Epoch: 0001/0001 | Batch 23700/35000 | Loss: 0.0168
Epoch: 0001/0001 | Batch 24000/35000 | Loss: 0.0006
Epoch: 0001/0001 | Batch 24300/35000 | Loss: 0.0152
Epoch: 0001/0001 | Batch 24600/35000 | Loss: 0.0003
Epoch: 0001/0001 | Batch 24900/35000 | Loss: 0.0623
Epoch: 0001/0001 | Batch 25200/35000 | Loss: 0.0010
Epoch: 0001/0001 | Batch 25500/35000 | Loss: 0.0001
Epoch: 0001/0001 | Batch 25800/35000 | Loss: 0.0047
Epoch: 0001/0001 | Batch 26100/35000 | Loss: 0.0004
Epoch: 0001/0001 | Batch 26400/35000 | Loss: 0.1016
Epoch: 0001/0001 | Batch 26700/35000 | Loss: 0.0021
Epoch: 0001/0001 | Batch 27000/35000 | Loss: 0.0015
Epoch: 0001/0001 | Batch 27300/35000 | Loss: 0.0008
Epoch: 0001/0001 | Batch 27600/35000 | Loss: 0.0060
Epoch: 0001/0001 | Batch 27900/35000 | Loss: 0.0001
Epoch: 0001/0001 | Batch 28200/35000 | Loss: 0.0426
Epoch: 0001/0001 | Batch 28500/35000 | Loss: 0.0012
Epoch: 0001/0001 | Batch 28800/35000 | Loss: 0.0025
Epoch: 0001/0001 | Batch 29100/35000 | Loss: 0.0025
Epoch: 0001/0001 | Batch 29400/35000 | Loss: 0.0000
Epoch: 0001/0001 | Batch 29700/35000 | Loss: 0.0495
Epoch: 0001/0001 | Batch 30000/35000 | Loss: 0.0164
Epoch: 0001/0001 | Batch 30300/35000 | Loss: 0.0067
Epoch: 0001/0001 | Batch 30600/35000 | Loss: 0.0037
Epoch: 0001/0001 | Batch 30900/35000 | Loss: 0.0005
Epoch: 0001/0001 | Batch 31200/35000 | Loss: 0.0013
Epoch: 0001/0001 | Batch 31500/35000 | Loss: 0.0112
Epoch: 0001/0001 | Batch 31800/35000 | Loss: 0.0053
Epoch: 0001/0001 | Batch 32100/35000 | Loss: 0.0012
Epoch: 0001/0001 | Batch 32400/35000 | Loss: 0.1365
Epoch: 0001/0001 | Batch 32700/35000 | Loss: 0.0210
Epoch: 0001/0001 | Batch 33000/35000 | Loss: 0.0374
Epoch: 0001/0001 | Batch 33300/35000 | Loss: 0.0007
Epoch: 0001/0001 | Batch 33600/35000 | Loss: 0.0341
Epoch: 0001/0001 | Batch 33900/35000 | Loss: 0.0259
Epoch: 0001/0001 | Batch 34200/35000 | Loss: 0.0005
Epoch: 0001/0001 | Batch 34500/35000 | Loss: 0.4792
Epoch: 0001/0001 | Batch 34800/35000 | Loss: 0.0003
Epoch: 0001/0001 | Prepare acc.: 78.67% | Val acc.: 87.28%
Time elapsed 51.37 min
Take a look at accuracy 87.37%
As we are able to see, primarily based on the outcomes above, the loss fluctuates lower than earlier than. As well as, the take a look at set efficiency elevated by 10%! We’re solely iterating by means of the coaching set as soon as, so every coaching instance is simply encountered a single time. Coaching the mannequin for a number of epochs can additional enhance the predictive efficiency, however I’ll depart this as an train so that you can check out (and let me know the way it goes on Discord!).

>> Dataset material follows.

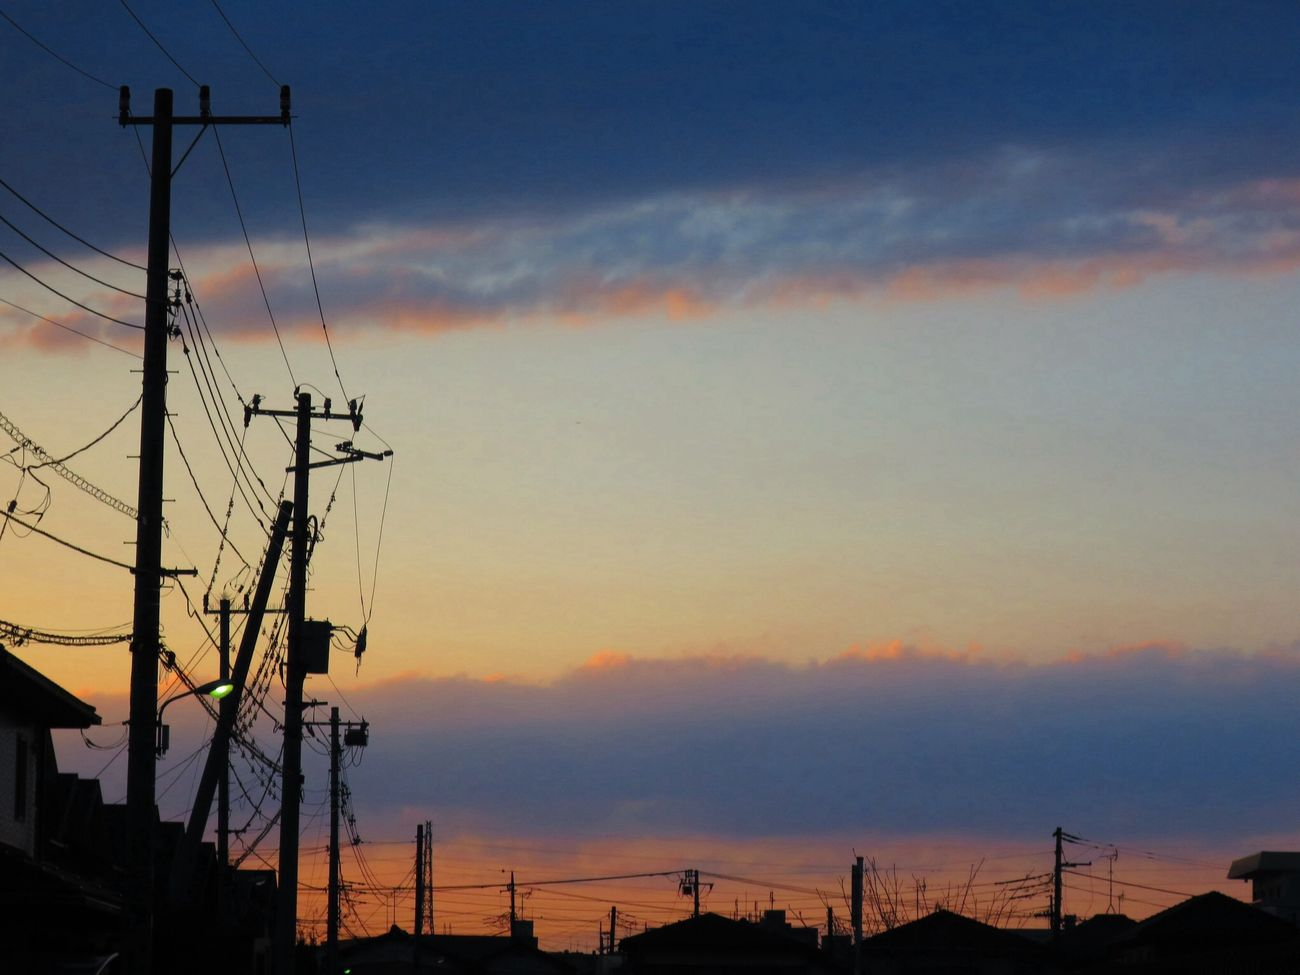 お疲れさまでした。 Canon S120 Twilight Sun Set

You will have additionally seen that this code additionally executed sooner than the code we used beforehand with a batch dimension of 1. If we improve the digital batch dimension to eight utilizing gradient accumulation, we nonetheless have the identical variety of ahead passes. Nevertheless, since we solely replace the mannequin each eighth epoch, we’ve fewer backward passes, which lets us iterate by means of the examples in a single epoch sooner.
Conclusion
Gradient accumulation is a method that simulates a bigger batch dimension by accumulating gradients from a number of small batches earlier than performing a weight replace. This system may be useful in eventualities the place the obtainable reminiscence is restricted, and the batch dimension that may slot in reminiscence is small.

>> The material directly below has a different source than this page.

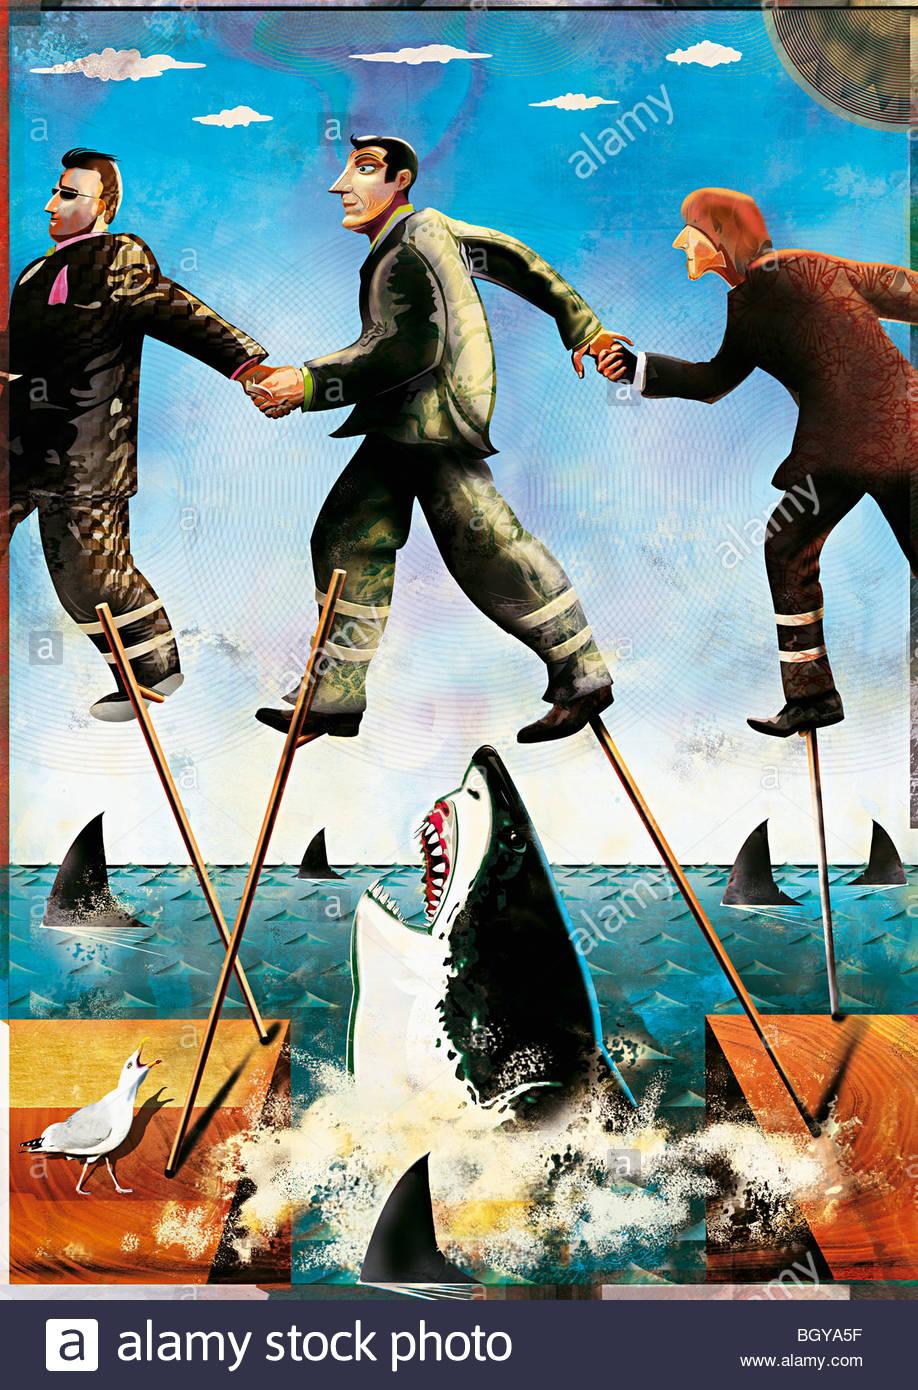 Geschäftsleute auf Stelzen zu Fuß durch Hai-verseuchten Gewässern Stockbild

Nevertheless, contemplate a situation in which you’ll be able to run the batch dimension within the first place, that means the obtainable reminiscence is giant sufficient to accommodate the specified batch dimension. In that case, gradient accumulation is probably not crucial. Actually, working a bigger batch dimension may be extra environment friendly as a result of it permits for extra parallelism and reduces the variety of weight updates required to coach the mannequin.
In abstract, gradient accumulation generally is a helpful approach for lowering the affect of noise in small batch sizes on the accuracy of gradient updates. It’s a easy but efficient approach that lets us work round {hardware} limitations.
For reference, all code accompanying this weblog submit is obtainable here on GitHub.